"Abu Taubah took pictures of his cat and of the food he liked"
But why had Taubah (Arabic for "repentance") chosen the path of jihad as a response to injustice? And weren't Isis committing injustices too? Soon I would question him about this. But first, I wanted to know about his past.
Half in jest, I probed him based on what I knew about the profiles of some jihadis: "Let me guess… in your pre-Islam life, you were in a gang of some sort, took drugs and went to jail?" He replied with "no comment".
He was only prepared to reveal that his past was "bad" and that he looked on the bright side now: "When life gives you lemons, you make lemonade."
Taubah gradually began to open up more, telling me he went to university in the UK, enjoyed Muay Thai, playing chess and once had a dog. He said his family didn't understand him, but he loved them and missed them - the Nigerian side (he never knew the Irish side).
In Syria, he cooked meals with his friends, adopted a cat and liked the "halal partying" on Eid, which meant "eating food and having fun with the ikhwan [brothers]". Taubah even learned to speak Arabic by mixing with the other fighters. He told me there were many foreign fighters living with their families in Raqqa, where it was "easier not to sin".
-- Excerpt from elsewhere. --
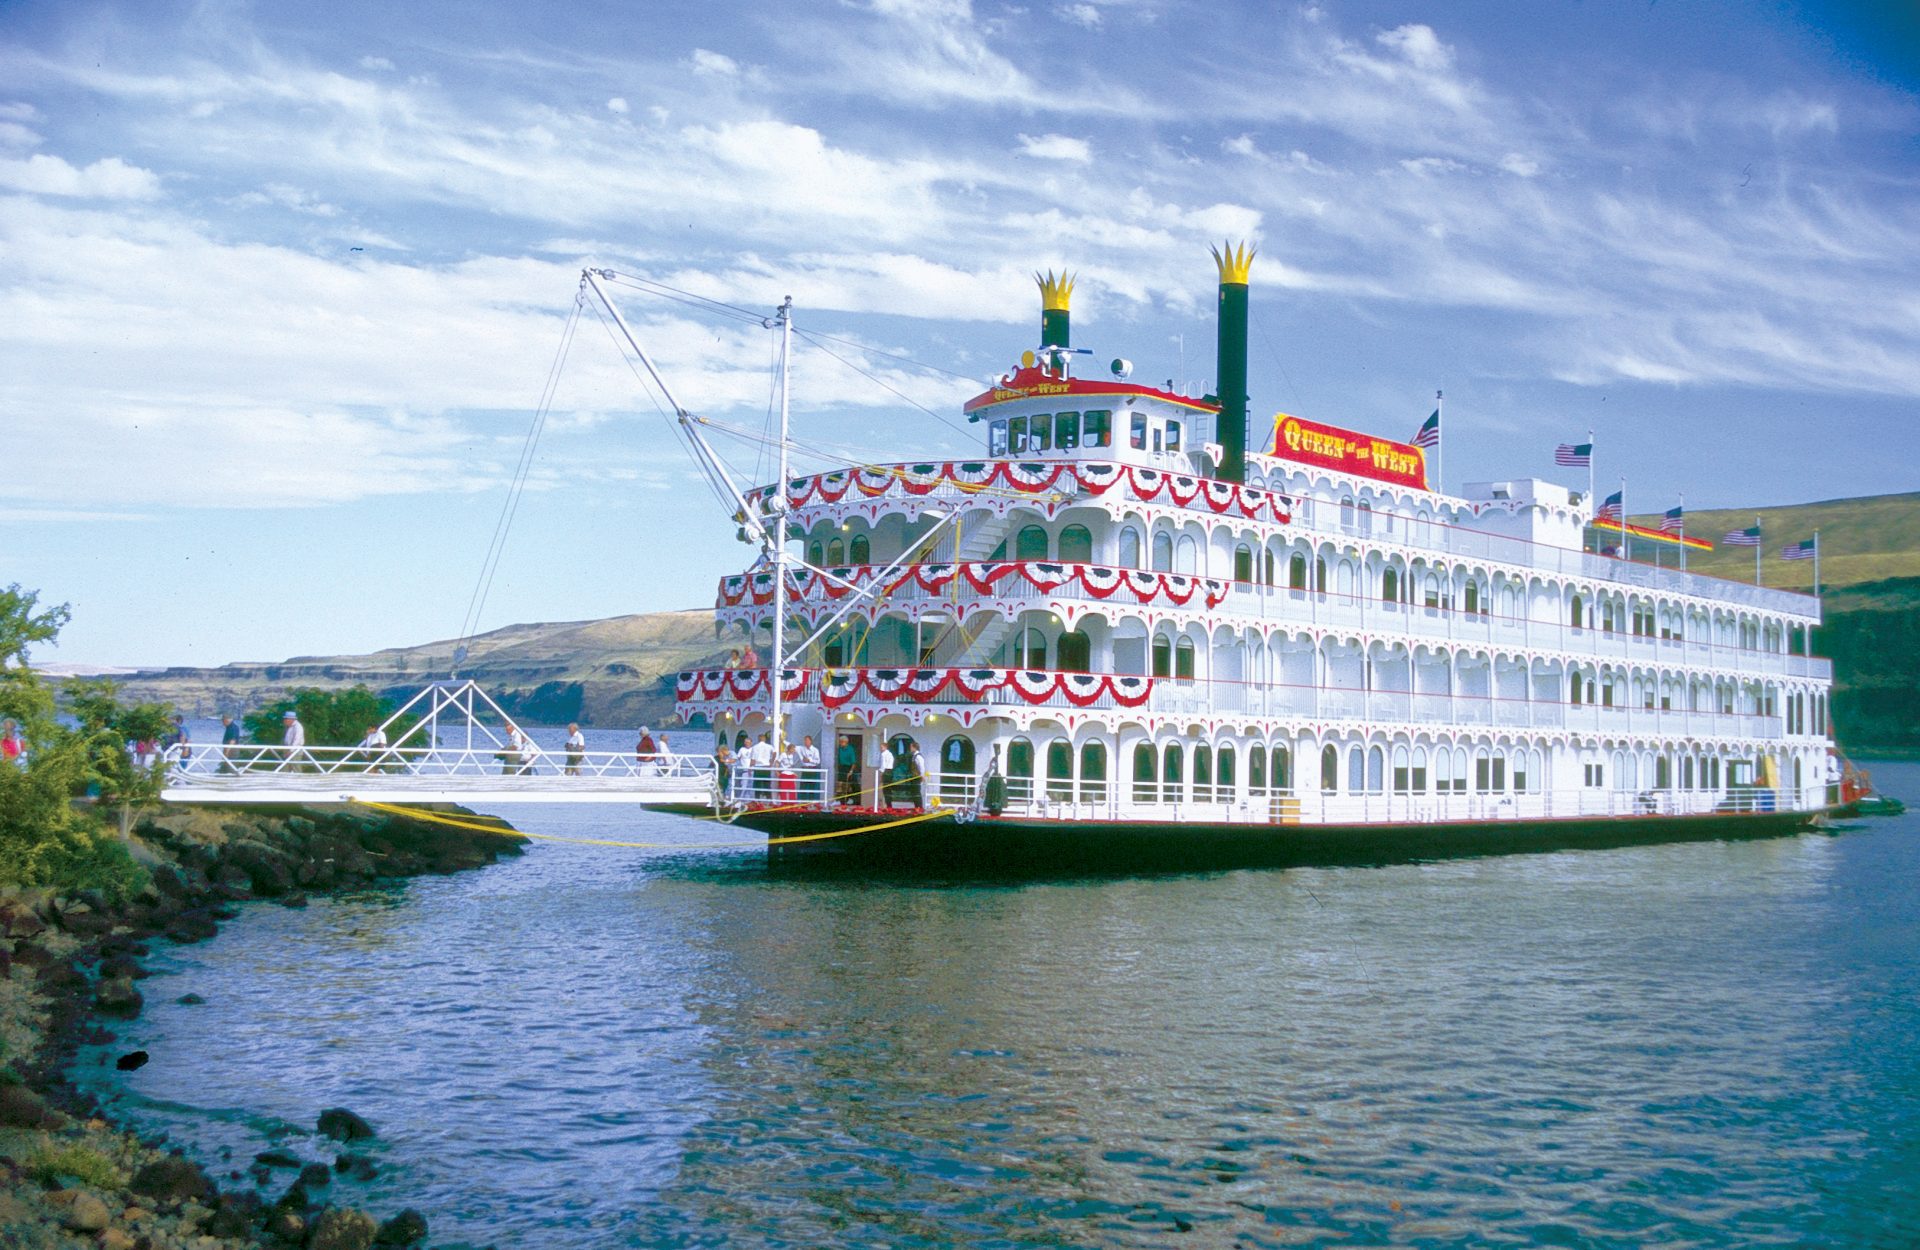 American West USA River Cruises

Despite his online persona, I wasn't sure if Taubah actually engaged in combat. When I asked what job he did for Isis, he vaguely told me: "We work for Allah in the day and rest at night." He said he couldn't reveal details for security reasons, nor did he want to jeopardise his family in any way. But I wondered if his withholding information might also have been because he planned to return home.
As well as bombarding me with jihadi literature, Taubah also asked questions like "how many countries have you travelled to?" and "what's the most horrific thing you've seen?"